I received several insightful replies to my weekend post where I blindly speculated about the number of big data applications. I thought about it over some red wine and I am dead certain I have figured it all out.
First, some clarification about were I am coming from. A big data analytics application is simply an analytics application where the required data does not fit on a single machine and needs to be considered in full to produce a result. In my thought experiment I am considering applications and not licenses. A single application may require a number of licenses of a particular software package in order to run in a cluster. Therefore to JF Puget’s point, I’m only considering distinct “use cases”.
I was probably too pessimistic in my estimates. If I think about my own team alone, we arguably have 3 optimization applications and 3 predictive analytics applications in production right now. Broadening out to Nielsen as a company, there are several more. My updated estimates are:
- 5,000 big data applications,
- 50,000 optimization applications,
- 500,000 predictive analytics applications.
My reasoning is crude because I don’t know where to find hard data. But here’s where I am coming from.
Let’s begin with optimization, which I know best. Optimization is “old” by software standards – operations research came of age along with the advent of the digital computer. It is also the most difficult of the three application types to bring into production because the math is so sophisticated and the modeling so specialized. However, the scope of application is incredibly broad. I have no special knowledge but there must be at least 10 major optimization applications that fit my criteria at UPS alone. And 10 more at Amazon, 3 in my office, and so on. Further, the “tail” is long; from past experience I know there are many “one off” mission critical optimization applications that range from such fields as scheduling, supply chain, forestry management, budget optimization, etc.
Predictive analytics is the fuzziest of the three to predict. My gut tells me a factor of 10 more than optimization, but depending on how loose we are in our definitions, I could easily see a factor of anything between 5 and 20. Anything that forecasts is a predictive analytics application, and forecasting is everywhere. Think of the financial world alone! I think it boils down to how many of these applications are actually profit generating, and how loose we want to be in our definition of “predictive analytics”. A “TOP 10” SQL query is a predictive analytics application, I suppose, but not really in the spirit of what I was envisioning. 500K is a big number, but probably not outlandish.
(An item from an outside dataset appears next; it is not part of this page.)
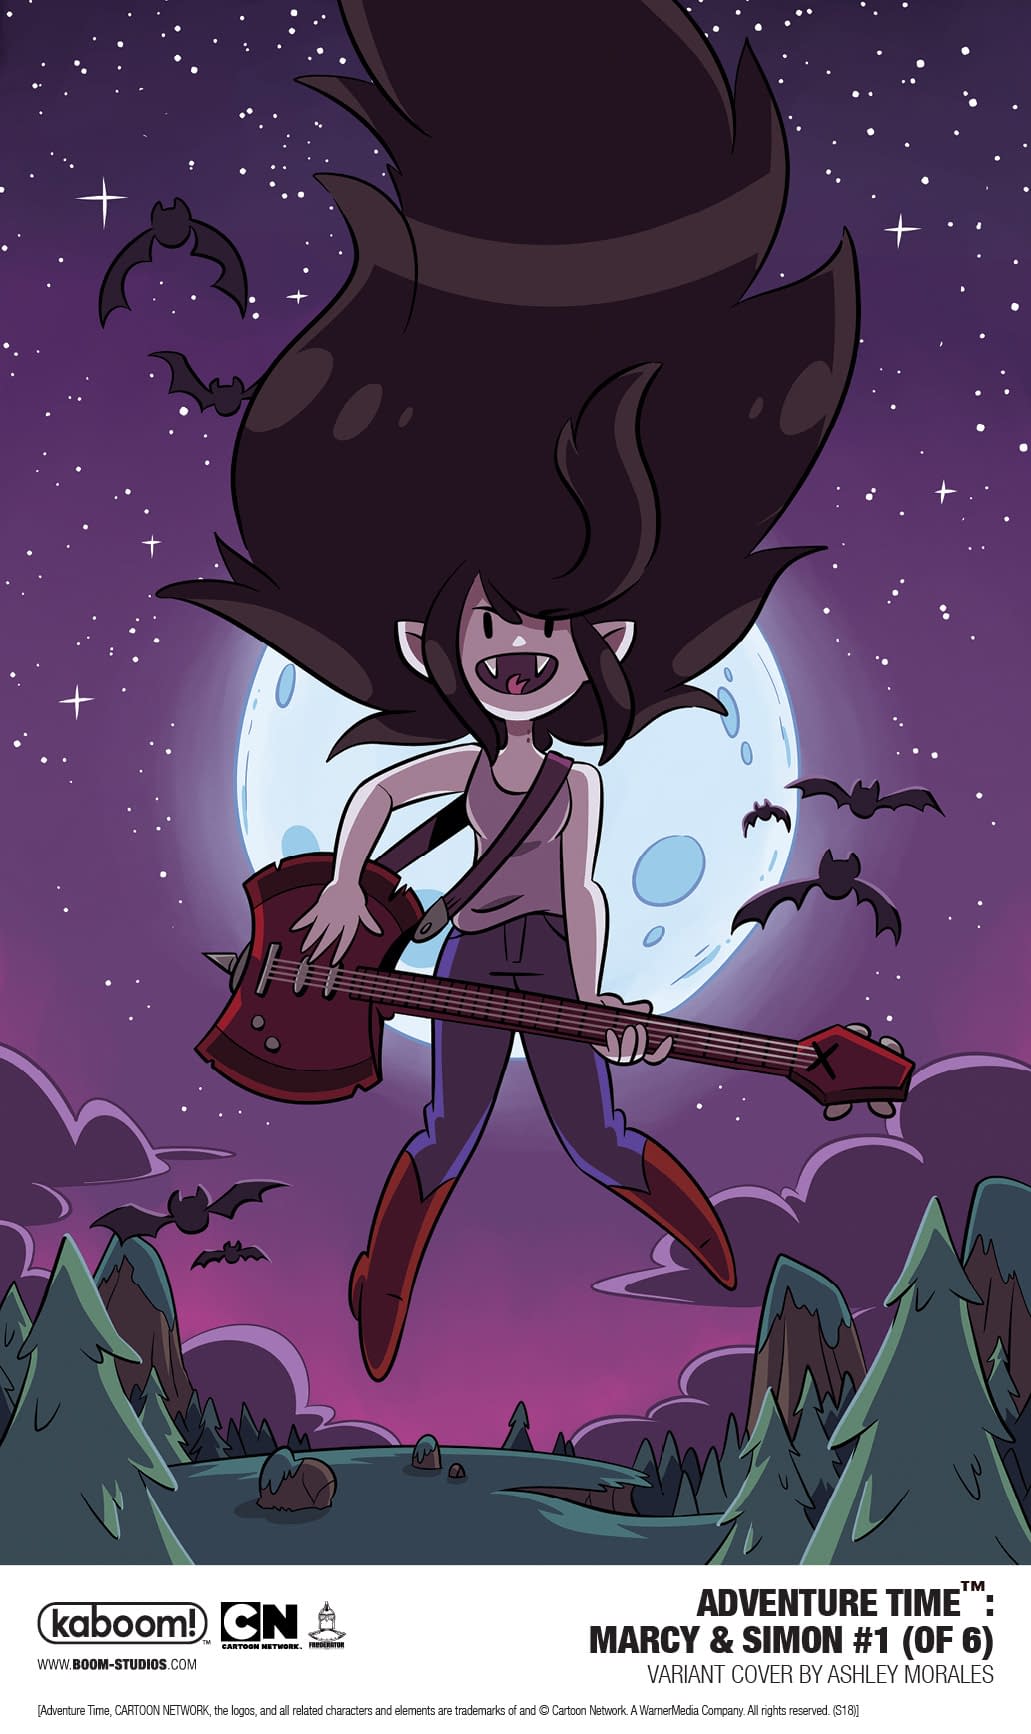 The Ice King Apology Tour Commences in 1st Look at Adventure Time: Marcy &#038; Simon #1

This leaves us with big data. It is true that there is much that is labeled big data that is not really big data according to my definition, but that’s not my problem. I throw that stuff out. There are also innumerable samples (congratulations on computing pi!) but those are mainly to generate blog hits or sell something. Here I suspect that there are a relatively small number of players (Amazon, Google, IBM come to mind) that account for a significant percentage of total big data applications. 5000 is a concession that I might have been too pessimistic in my previous post – but it can’t be much more than that. In any case, the “tail” is much shorter currently than for other analytics applications, and my prediction is that this will always be true.
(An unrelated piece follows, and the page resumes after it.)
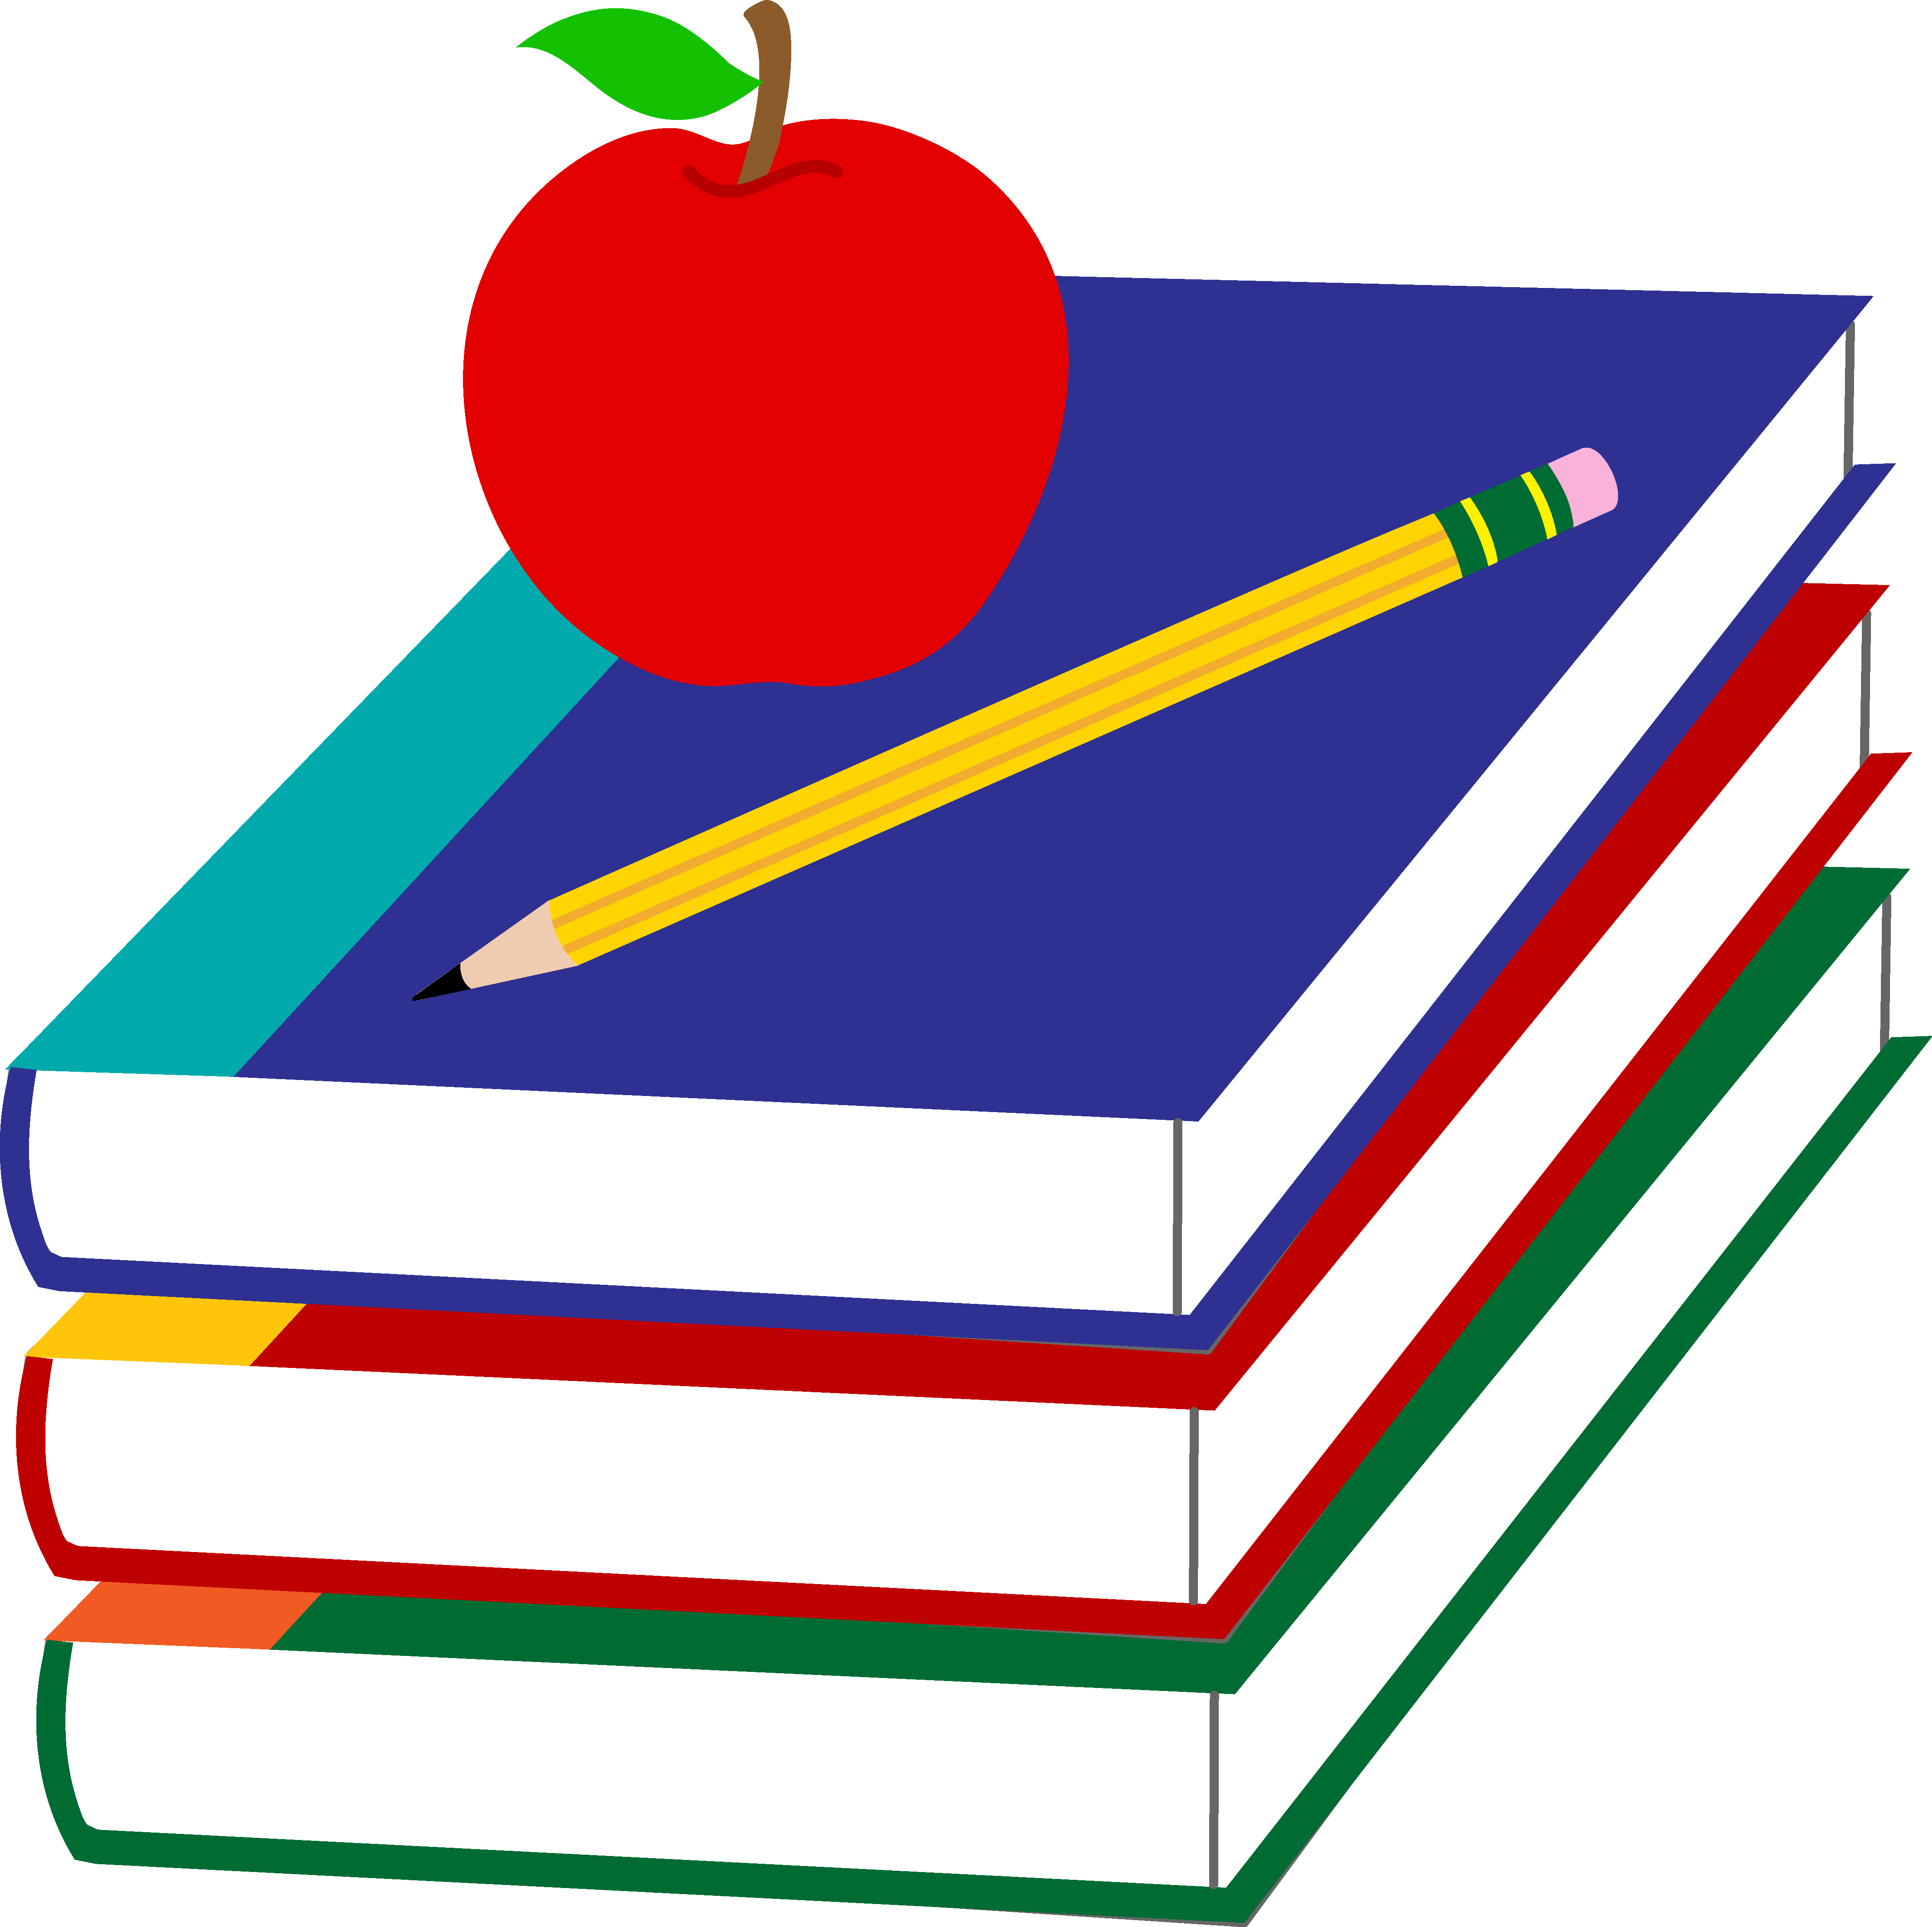 Clipart books knowledge. Apple and book png

Big data applications will never be as broadly deployed as predictive and prescriptive analytics applications. Big data application user bases (e.g. Netflix) may grow to be just as large, but the sheer number and variety of applications will always trail predictive analytics and optimization. This moment will be seen as a transformative era in computing – but not because of big data, but because of the advent of cloud analytics. Cloud analytics can be built by anyone with basic programming knowledge and the ability to create models, and provides insight to anyone with an internet capable device. That’s the future – and one worth hyping.